Le président du Pastef et ancien Premier ministre sénégalais, Ousmane Sonko, le 2 juin 2026, à Dakar.

Le Pastef renforce son unité derrière Ousmane Sonko, réélu de manière écrasante à la tête de son parti lors du congrès de samedi. Le président Bassirou Diomaye Faye l’a écarté de la Primature il y a quinze jours, mais Sonko, désormais président de l’Assemblée nationale, assume pleinement son rôle d’opposant. Majoritaire à l’Assemblée, son parti s’engage à « préserver les intérêts du peuple ». Comment évolueront les relations entre Sonko et Diomaye Faye dans les mois à venir ? Partagez vos avis.

Le congrès du Pastef a confirmé la position dominante d’Ousmane Sonko au sein du parti. Avec une large majorité, il consolide son leadership et son influence politique. Son exclusion récente de la Primature par le président Bassirou Diomaye Faye n’a fait que renforcer son statut d’opposant déterminé. À la tête de l’Assemblée nationale, il dispose désormais d’un poids politique considérable.

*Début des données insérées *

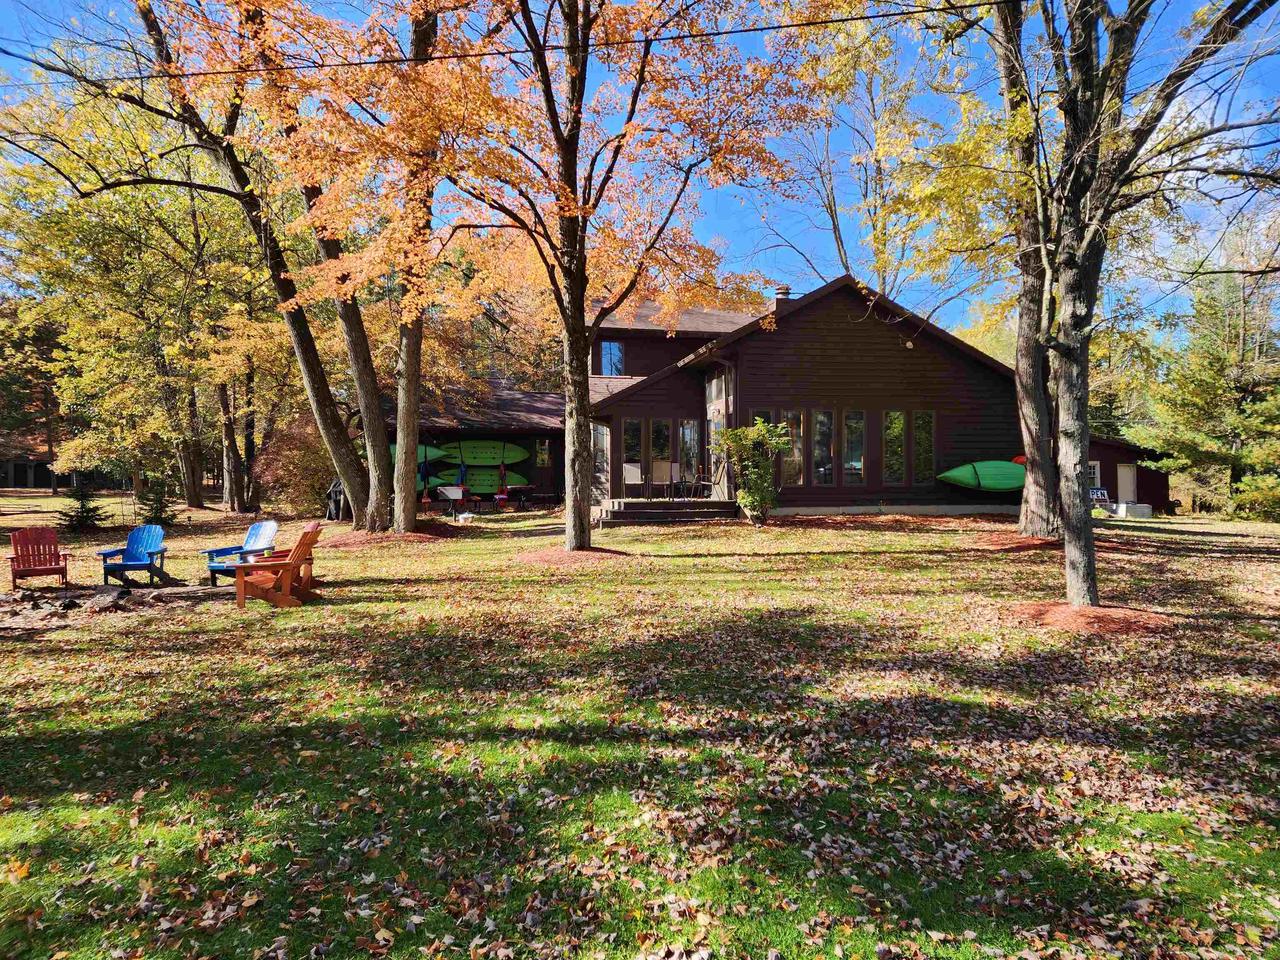 Listing picture for N2494 WHISPERING PINES ROAD in Waupaca

Dans une déclaration remarquée, Sonko a affirmé que le Pastef, majoritaire dans l’hémicycle, veillerait à ce que les intérêts du peuple sénégalais soient protégés. Cette affirmation soulève une question centrale : comment se dérouleront les prochains mois entre Sonko et Diomaye Faye ? Les observateurs s’interrogent sur l’équilibre des pouvoirs et les stratégies que chacun adoptera pour naviguer dans ce contexte politique complexe.

Sonko, en tant que président de l’Assemblée nationale, dispose d’un levier institutionnel puissant. Son parti, le Pastef, pourrait jouer un rôle clé dans les débats parlementaires et les décisions gouvernementales. La dynamique actuelle suggère une période de tension politique, mais aussi d’opportunités pour une opposition constructive.

Les citoyens sénégalais attendent des deux figures politiques qu’elles trouvent un terrain d’entente pour servir l’intérêt national. Les prochains mois seront déterminants pour évaluer la capacité des institutions à fonctionner harmonieusement malgré les divergences. Les réactions des Sénégalais sur cette situation seront essentielles pour comprendre l’évolution de la scène politique.